Pamela Shumba Bulawayo Bureau
CIVIL servants’ leaders will tomorrow meet to discuss and take an official position that will be presented to the Government following its decision to cut salaries and suspend the payment of bonuses for two years. Finance and Economic Development Minister Patrick Chinamasa last Thursday announced that Government would suspend civil servants bonuses for two years as well as reduce their salaries and allowances as part of measures to bring the economy back on track.
The minister made the announcement while presenting the Mid-Year Fiscal Policy Review statement in the National Assembly. Zimbabwe Teachers Association (zimta) president Mr Richard Gundane said they would meet as civil servants’ representatives to come up with a formal position following the Government’s decision.
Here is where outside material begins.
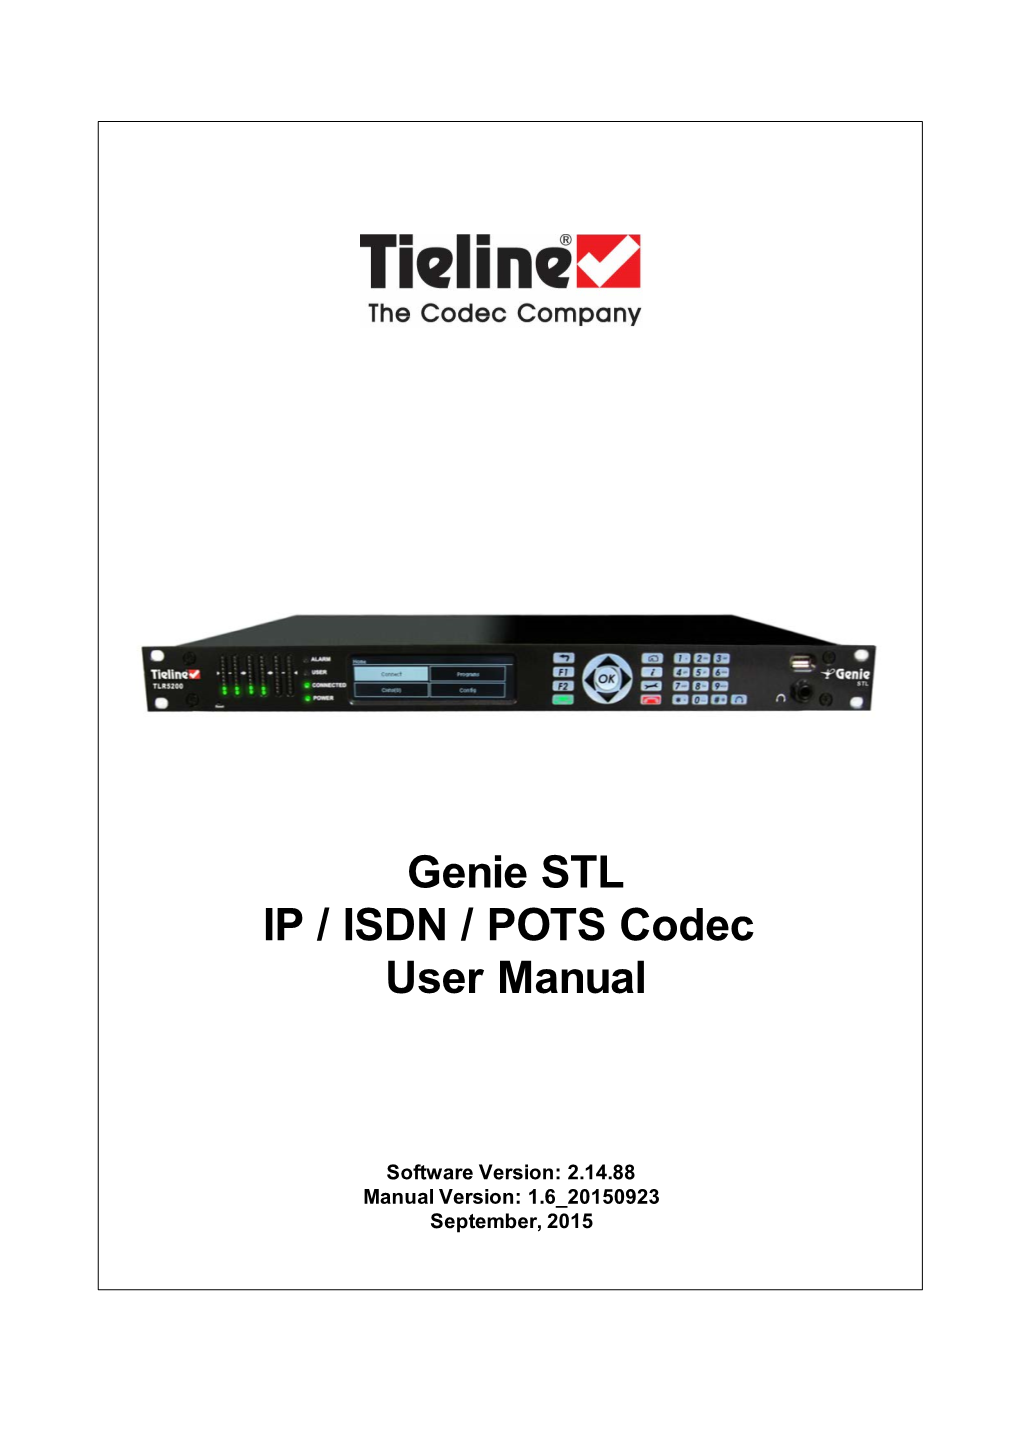 Genie STL User Manual V1.6 Table of Contents
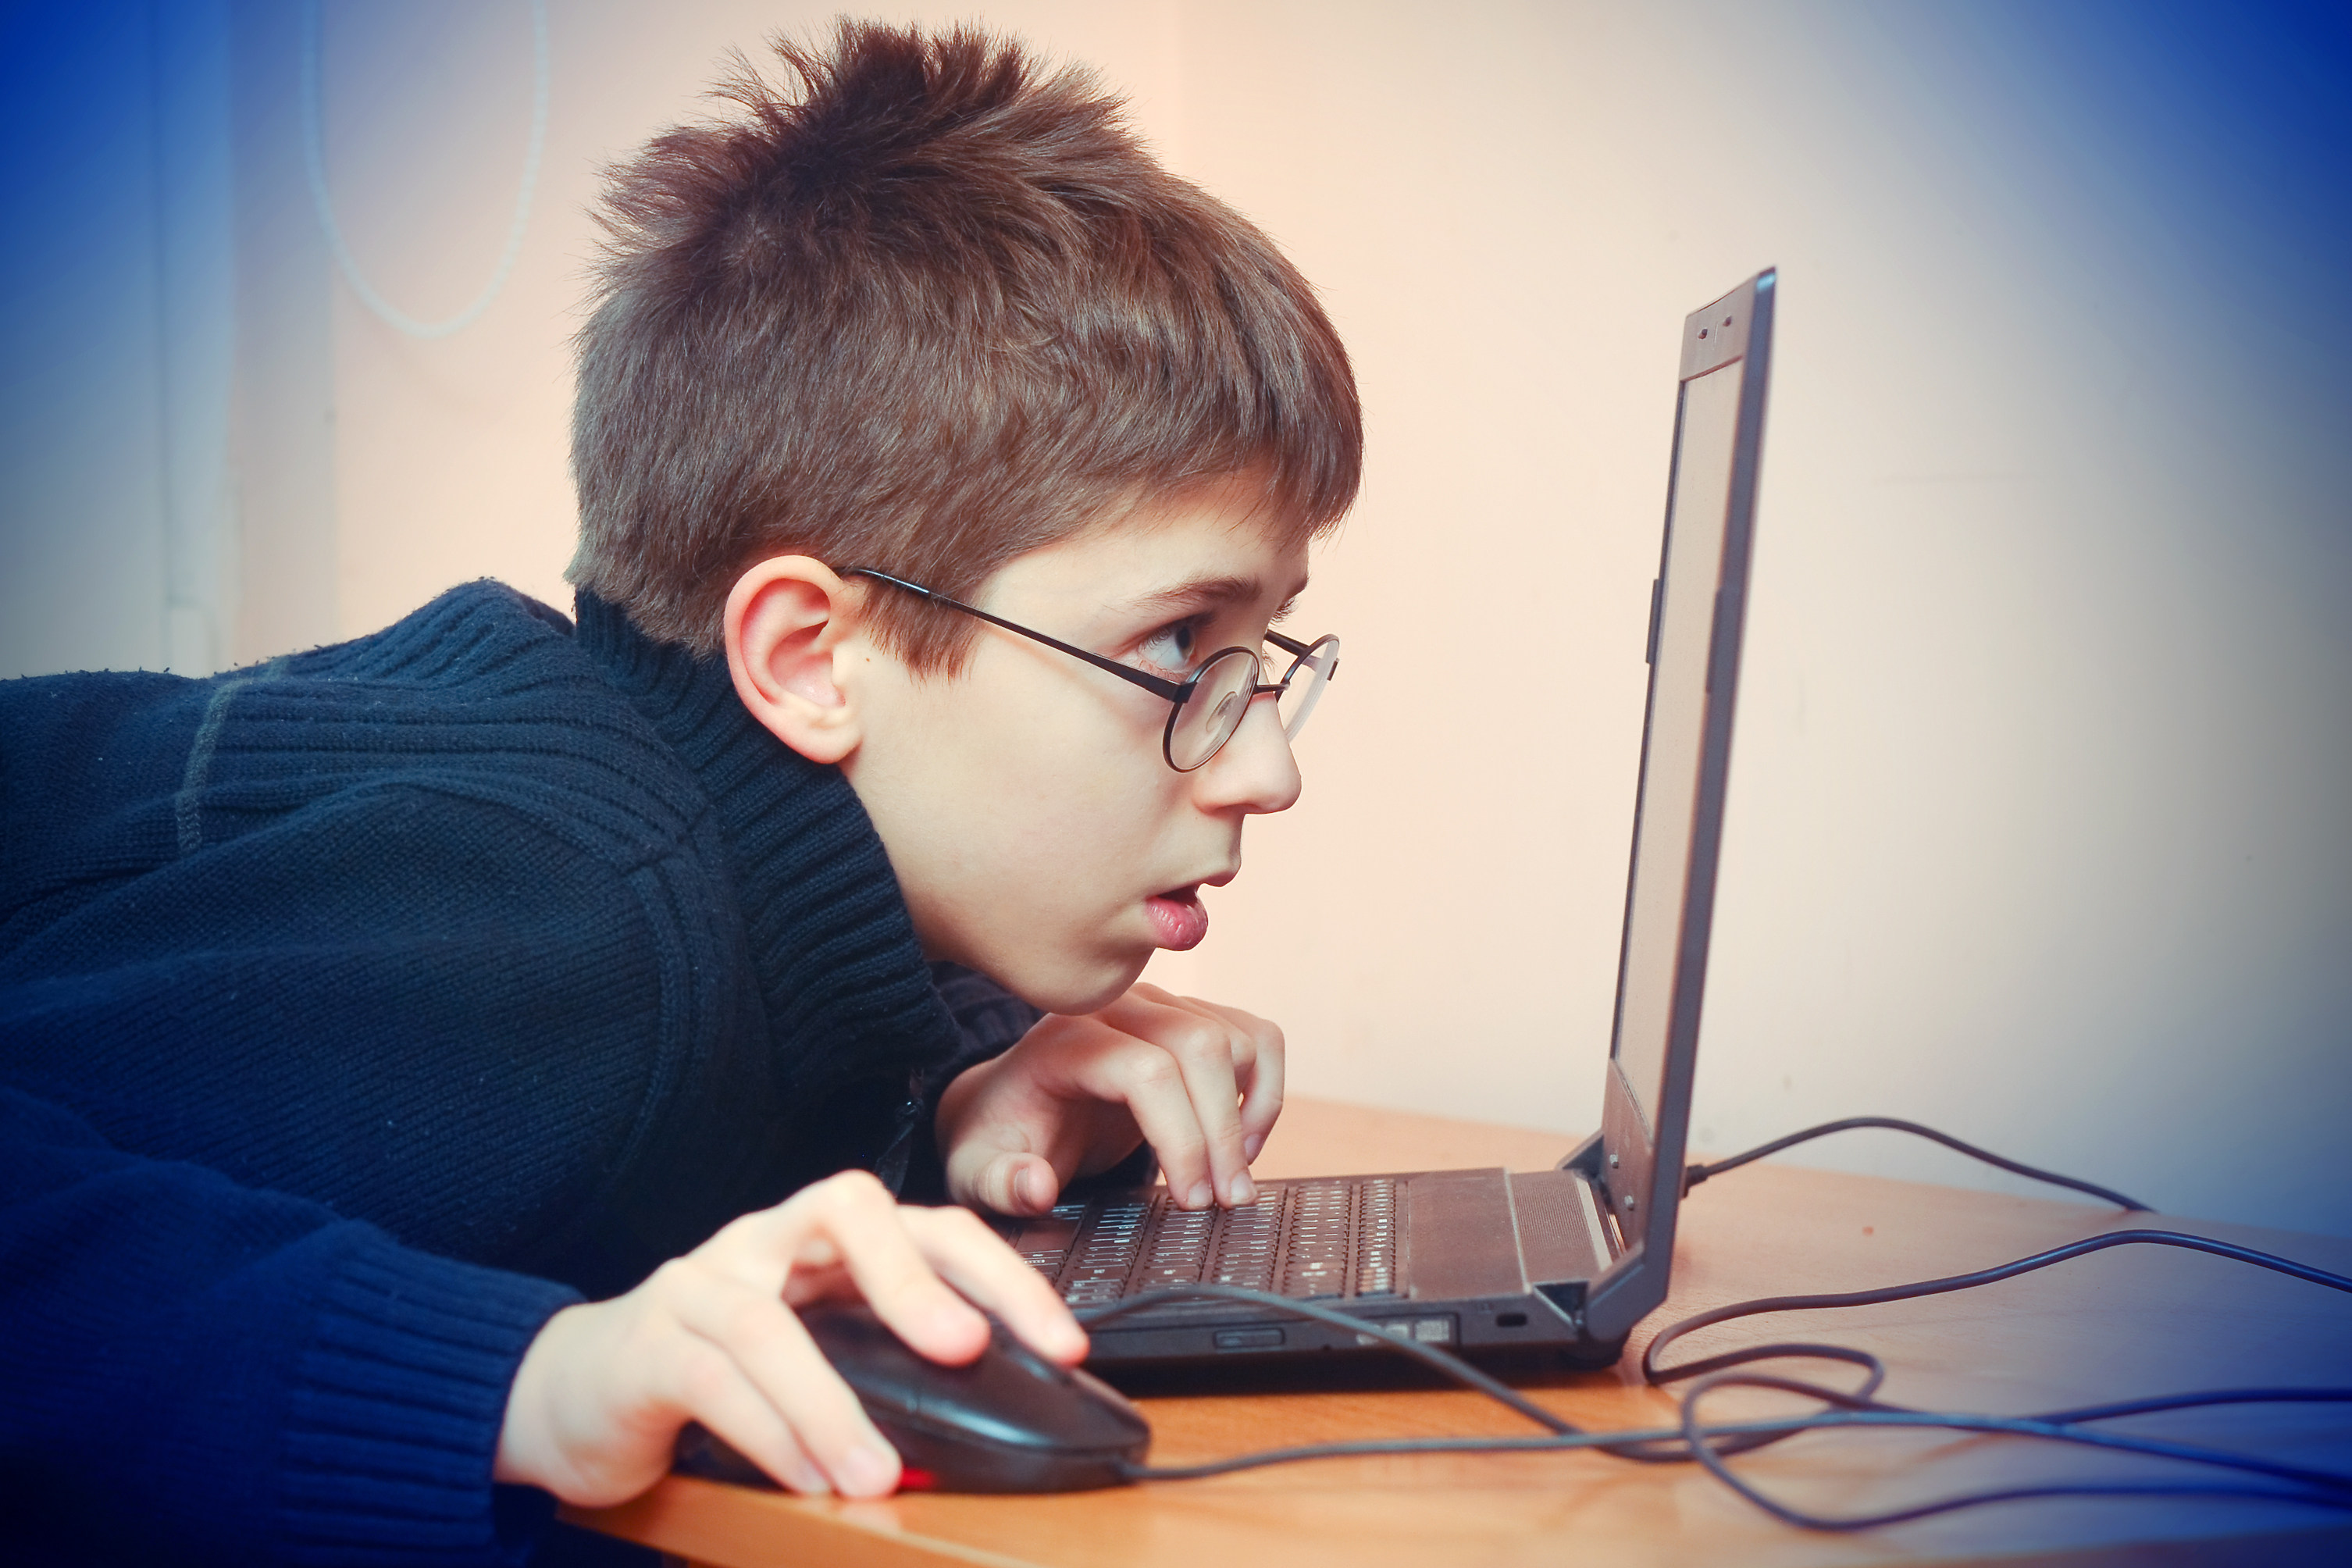 Children and adults find it hard to tear themselves away from gaming, streaming, social media or chatting online. Photo: Shutterstock

“The general sentiment is that the decision by the Government is unacceptable, but we need to meet as workers to come up with an official position that will be presented to the employer.
“We have to make it clear to the Government that we’re not accepting their decision to cut jobs, salaries and allowances for civil servants,” said Mr Gundane. He said the payment of the 13th cheque was guaranteed in the civil servant’s contract of employment hence it could not be withdrawn without consulting them.
Apex Council secretary Mr David Dzatsunga said Government should have engaged them before announcing the pay cuts. “There was no communication between the Government and its workers over this issue.
“The Government did not consult us. “It was an ambush on our part and we’ll not accept it. “We’re therefore meeting on Wednesday as civil servants to discuss the way forward and come up with an official position on the issue,” said Mr Dzatsunga.
He said the Government’s policy comes at a time when employees are already struggling due to poor remuneration. Minister Chinamasa said the Government would downsize the civil service from 298 000 to 273 000 employees.
The measures are expected to reduce employment costs to around 60 percent of total revenues by 2019 from the current 97 percent and ultimately redirect revenue towards capital expenditure which is expected to stimulate production. Minister Chinamasa said through its raft of measures to reduce the wage bill, the Government expects to save around $118 million by the end of 2016.